Securing Entities in ASP.NET Dynamic Data

  • Artikel

This first post is about controlling which tables get exposed through Dynamic Data. It's important to remember you have complete control over this and there are essentially two approaches:

  1. The "demo friendly" approach (which you'll see me using a lot) where I ask Dynamic Data simply to scaffold all my tables. I still have control (we'll come back to that) but my start point is "show me everything".
  2. The "start from scratch" approach where I don't expose anything by default but instead I explicitly add tables by creating custom pages for them.
"Demo Friendly"

For the "demo friendly" approach, I set the ScaffoldAllTables property to true in my ContextConfiguration when I register my data context in Global.asax:

     ' Uncomment this line to register your data context with the Dynamic Data engine.
    ' Only set ScaffoldAllTables = true if you are sure that you want all your tables
    ' to support a scaffold (i.e. templated) view.
    model.RegisterContext(GetType(NorthwindDataContext), _
         New ContextConfiguration() With {.ScaffoldAllTables = True})

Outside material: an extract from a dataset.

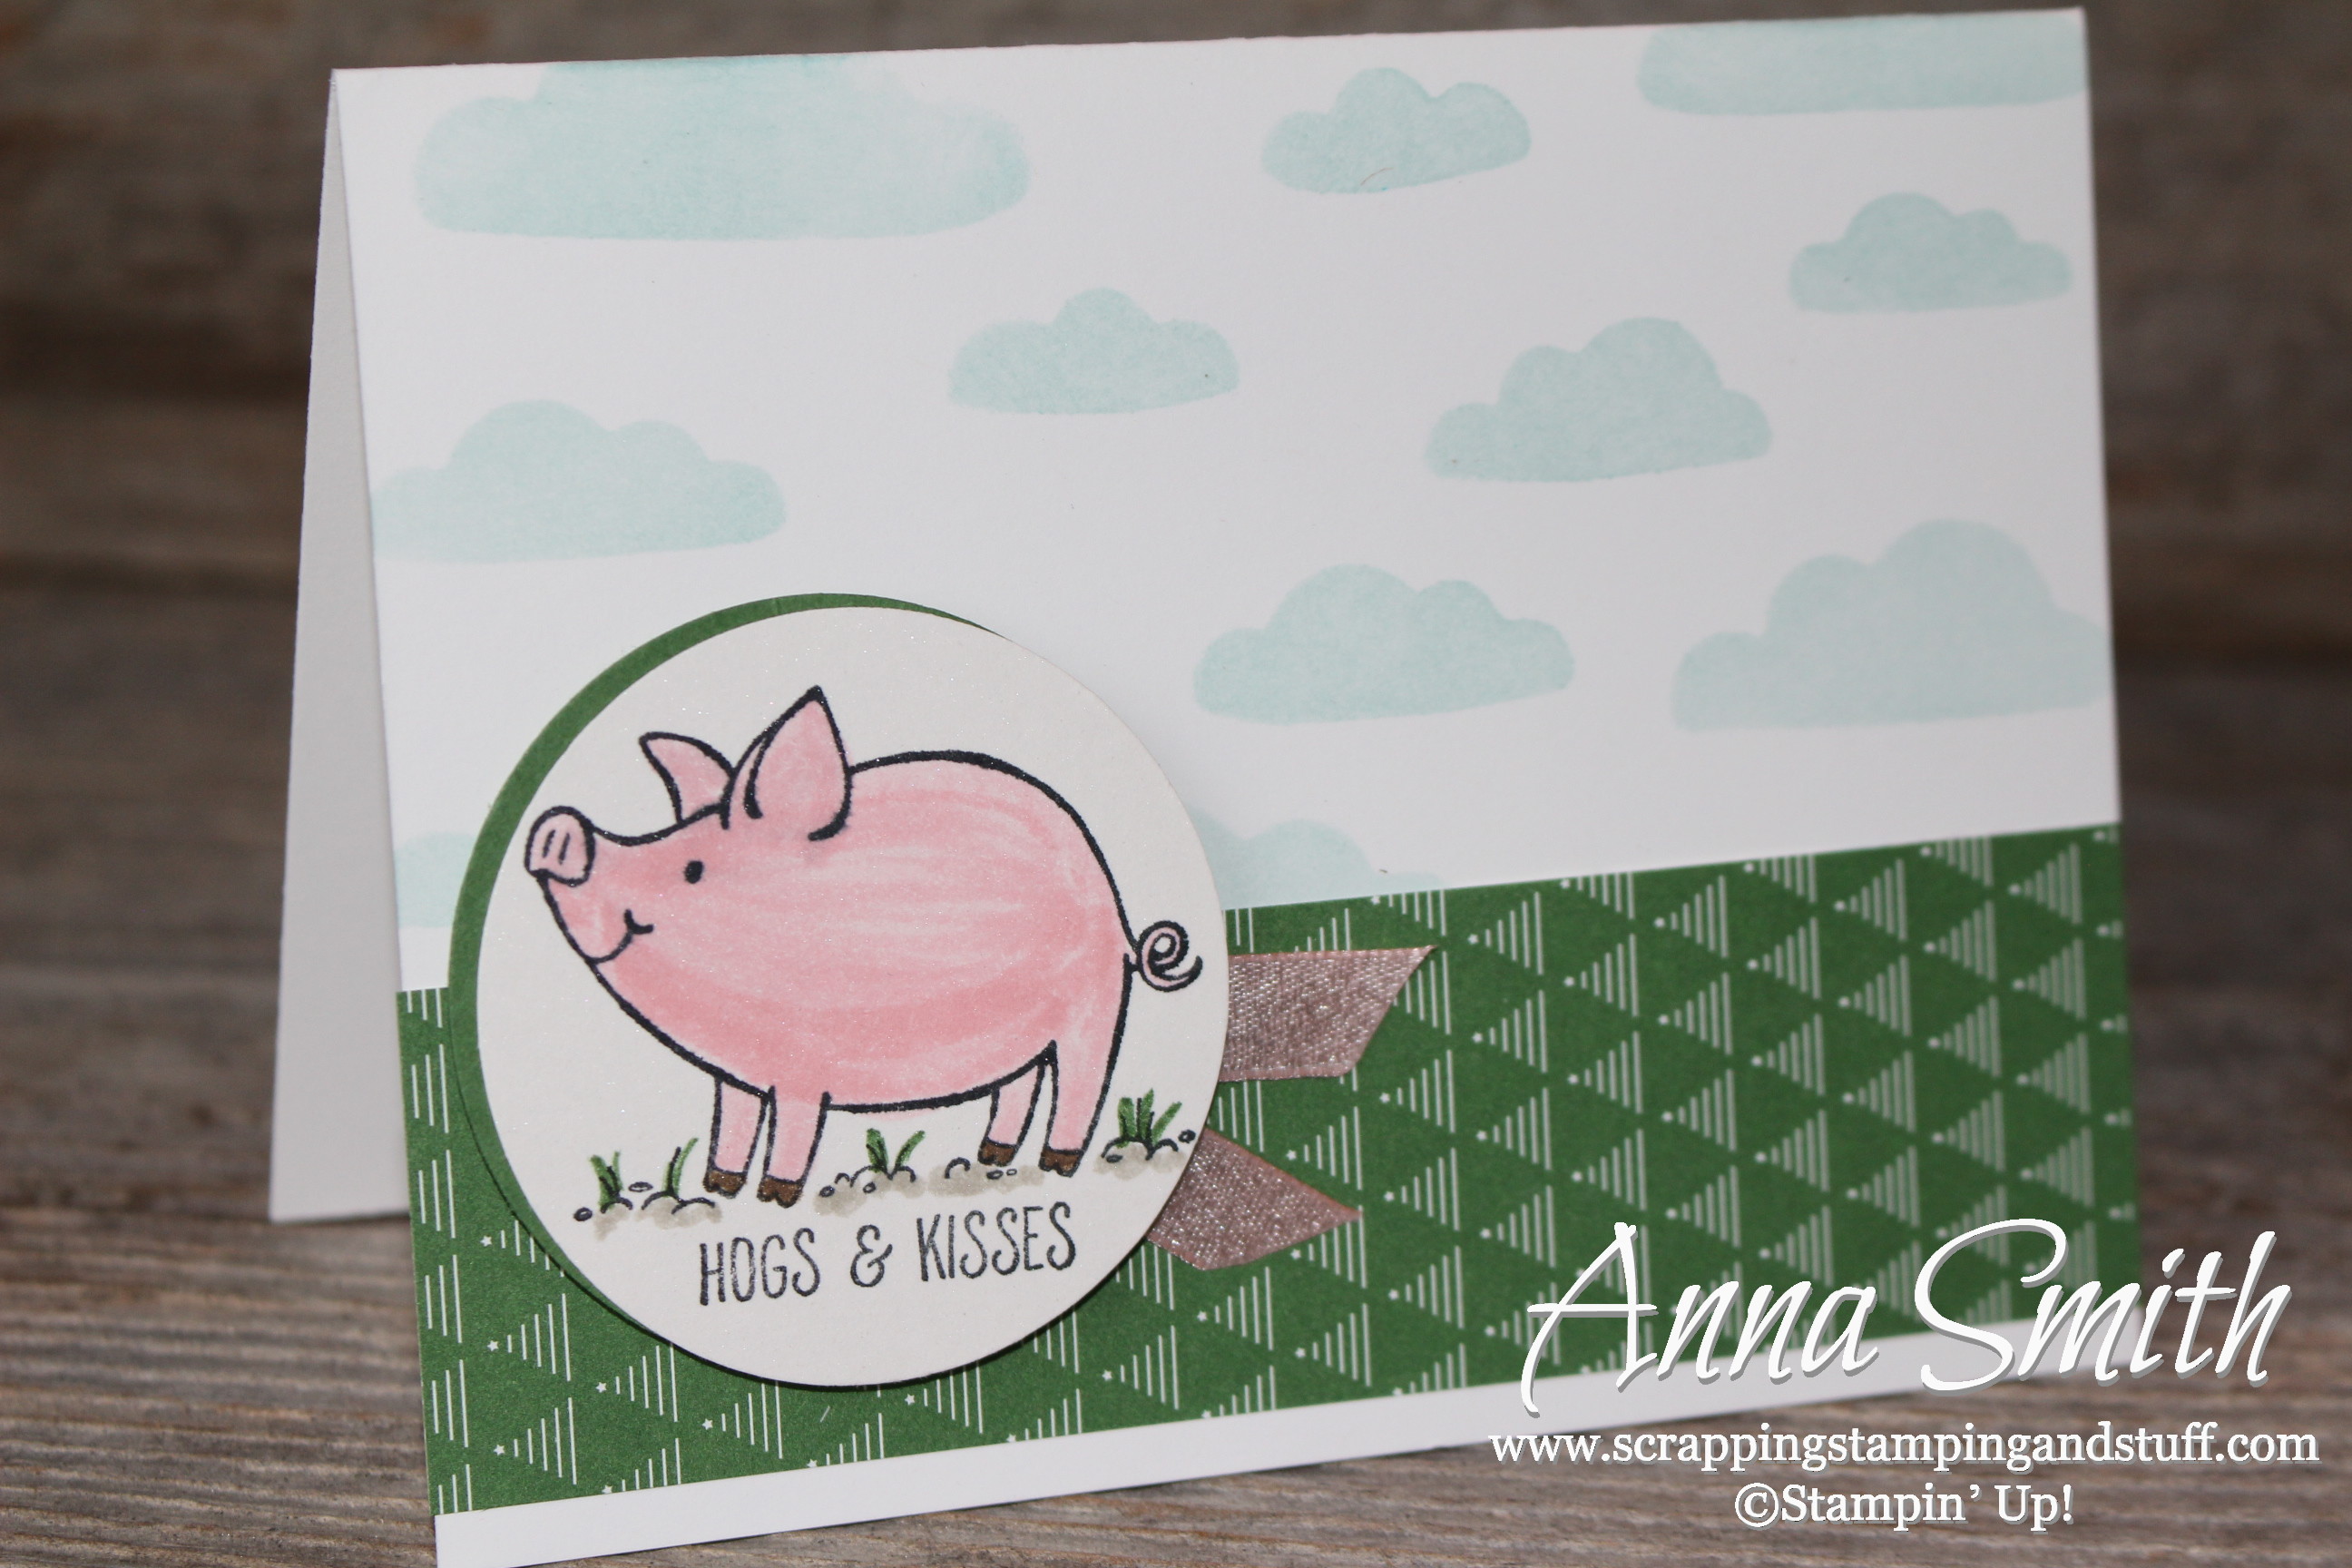 Hogs & Kisses with Stampin’ Up! This Little Piggy

(Yes, I'm doing this in VB.NET in tribute to Eric's efforts to champion VB. I felt I ought to have a bash)

If I don't want a particular table to be scaffolded, I take a similar approach to that used when customising the model (eg hide a column or add some validation). ie we create a partial class that extends the class we want to modify and add the relevant attributes. In this case we might do something like this to prevent the Products table being scaffolded:

 <Scaffold(False)> _
Partial Public Class Product
End Class
"Start from Scratch"

imageTaking the "start from scratch" approach, I set ScaffoldAllTables to false and expose the tables and views using custom pages. So, for example, to expose a "List" view on the Northwind Orders and Order_Details tables but not the Products table, I might end up with a site structure that looks like that on the left.

I could, of course, just remove the tables I want to hide from my model but that means I lose the foreign key lookup so instead of seeing product "Tofu" in my Order_Details table, instead I see product id 17 or the like.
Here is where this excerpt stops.